Introduction
The role of intellectual property (IP) in trade and business was recognized as early as the 13th century, with the first legal acts being drafted in the 15th century. Invention protection was incorporated into national law in the 19th century and was strengthened globally through the Paris Convention.
The history of Polish Industrial Property Law (hereinafter “IP”) spans less than a quarter of a century. Disputes related to intellectual property infringement, including those governed by current laws such as copyright and industrial property law, as well as by the Act on Combating Unfair Competition, have a long-standing tradition.
This planned series of articles aims to present key issues affecting procedural economics in claims involving the valuation of the adverse effects of a tort in a business-to-business (B2B) relationship.
The past quarter-century has been marked by the rapid development of methods for valuing business damages. The computing power of portable computers has grown; access to extensive information resources in the public domain and commercially acquired has become easier; and the use of AI agents employing numerous LLM models has become increasingly common.
As a result, individual experts, including court experts, can now apply advanced computational techniques and analytical models to evaluate damages for legal purposes. Complex economic concepts, advanced financial models, and computational methods often go beyond legal knowledge. Ensuring effective communication between litigants is essential to improving the efficiency of evaluating the presented opinions, thereby increasing accuracy and reducing the costs of court proceedings.
Furthermore, new challenges are arising. For example, the reliability of experts’ personal preparation becomes questionable when they rely excessively and uncritically on modern AI tools.
The core ideas: valuation, worth, and price
Experts agree that valuation is based on an opinion-making process. Similarly, there is no disagreement about the general definition of value as the overall assessment of future financial benefits from owning or using the subject of valuation, taking into account risk. Value is inherently subjective, as it is an opinion expressed by a specific entity. Price is a current or future market fact, usually closely linked to supply and demand, and it also results from a decision whose connection to value is hard to determine, especially given the many factors involved in each party’s decision-making process.
The informational function of prices from completed transactions is later used in forming opinions (valuation). However, reliable use of transaction data requires access to commercial databases that contain information on only a small subset of completed transactions. Additionally, this data is sometimes incomplete due to confidentiality.

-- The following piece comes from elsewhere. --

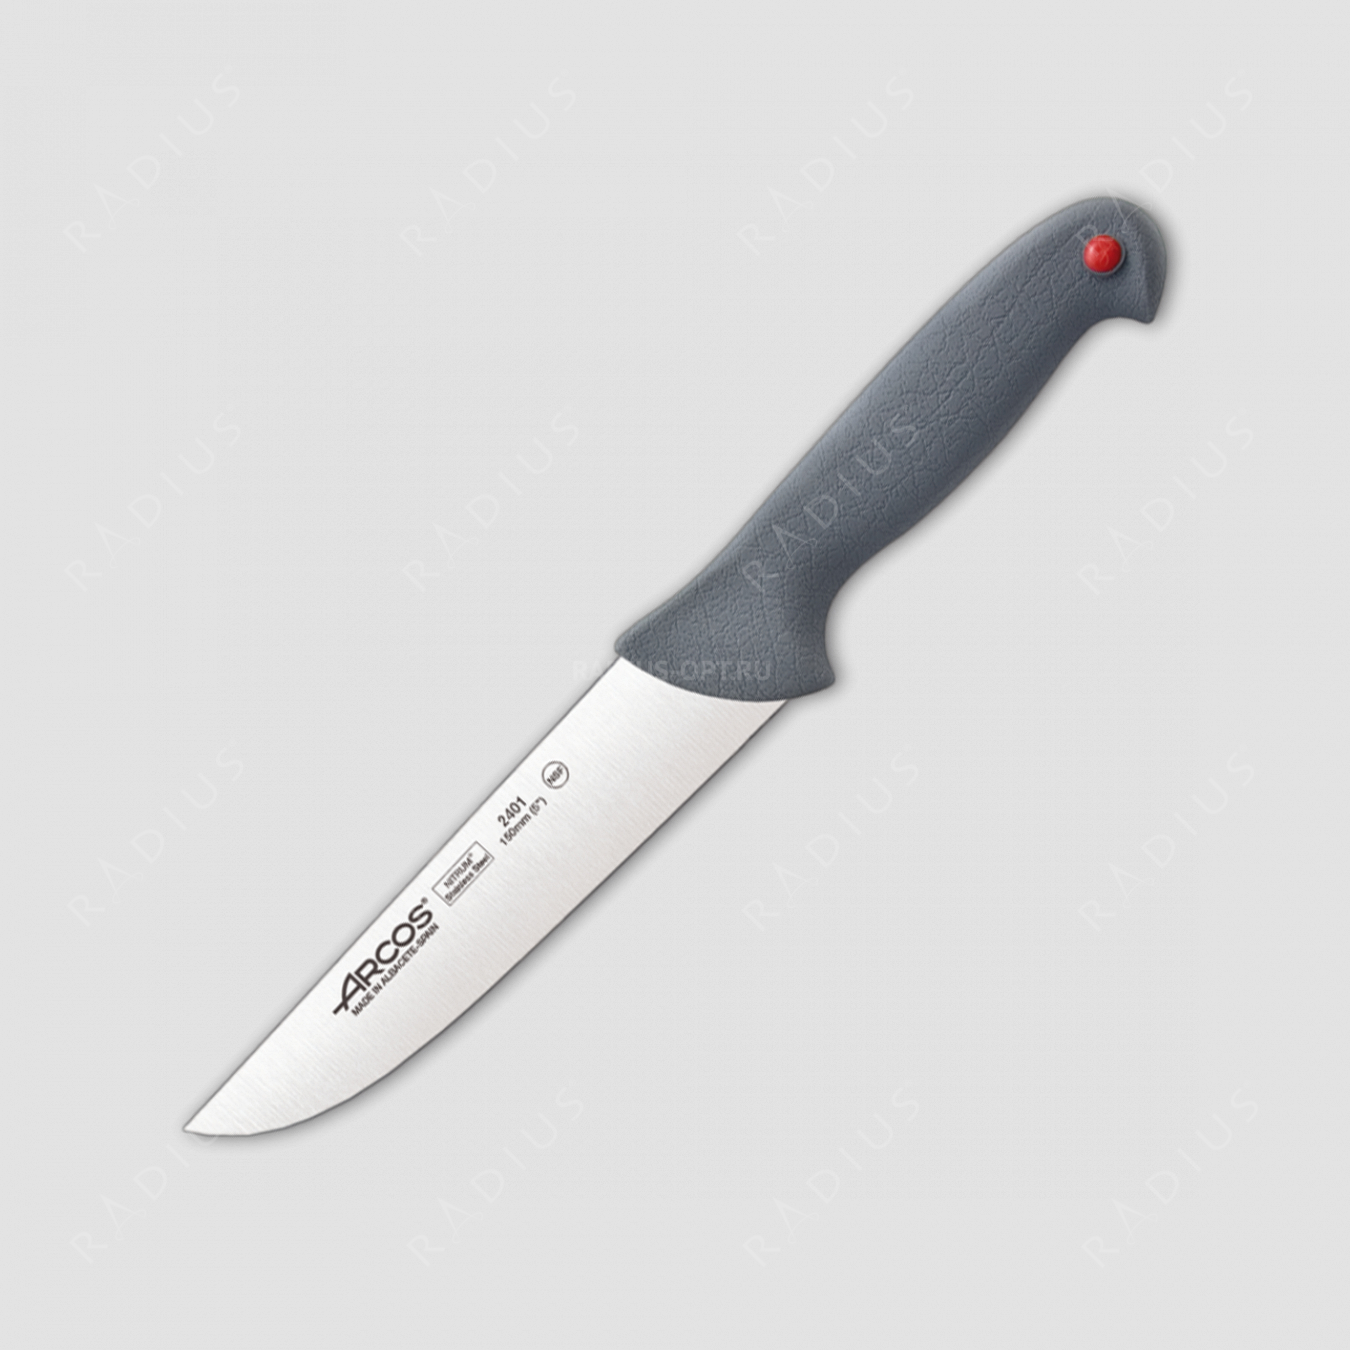 Нож кухонный разделочный 15 см, серия Colour-prof, ARCOS, Испания

Valuing IP through comparative analysis poses significant challenges due to its unique characteristics. Inventions, brands, works, and other IP assets are protected by law in different forms, durations, and methods. While it’s generally believed that market transactions should reflect value, this idea often doesn’t hold in practice. Even for assets as liquid as publicly traded shares, prices usually differ from their intrinsic value, and experts’ estimates of that value can vary significantly. For many years, experts have sought to standardize valuation methods to narrow the wide range of valuation outcomes by establishing a methodological benchmark. The International Valuation Standards Council (IVSC) has increased its global influence, advancing IP valuation standardization [1].
Sources of the Dispute Over IP Value
Difficult information conditions in the IP valuation process promote disputes over pricing or costs related to concluded or planned transactions, or to infringements of exclusive rights.
Disputes regarding the value of industrial property rights often arise from:
- Internal (corporate/owner) and external post-audit decisions of offices and institutions, such as tax administration, the National Court Register, aid and investment fund managers, market regulators, NCBR, UOKiK, and KNF, when these decisions raise questions about transaction prices or the market value of IP.
- Identified infringements of rights resulting from the conduct of the parties to the contract or competitors (interference with future benefits from the use of IP or change in the risk profile of IP exploitation, etc.),
- Property settlements for IP co-owners (creators and investors): investment, transaction, inheritance, divorce.
Audit activities can lead to unfavorable tax decisions, demands for the repayment of subsidies or for increased guarantees and financial security for implementing an IP development project, claims for penalties and fines, and other adverse outcomes. A finding of IP infringement triggers a demand that the infringer cease the infringement, remedy the harm, or return any unauthorized benefits obtained. When unilateral transactions are unacceptable to the IP co-owners, it is necessary to negotiate compensation and settlement terms. In each instance, the final resolution is a court hearing.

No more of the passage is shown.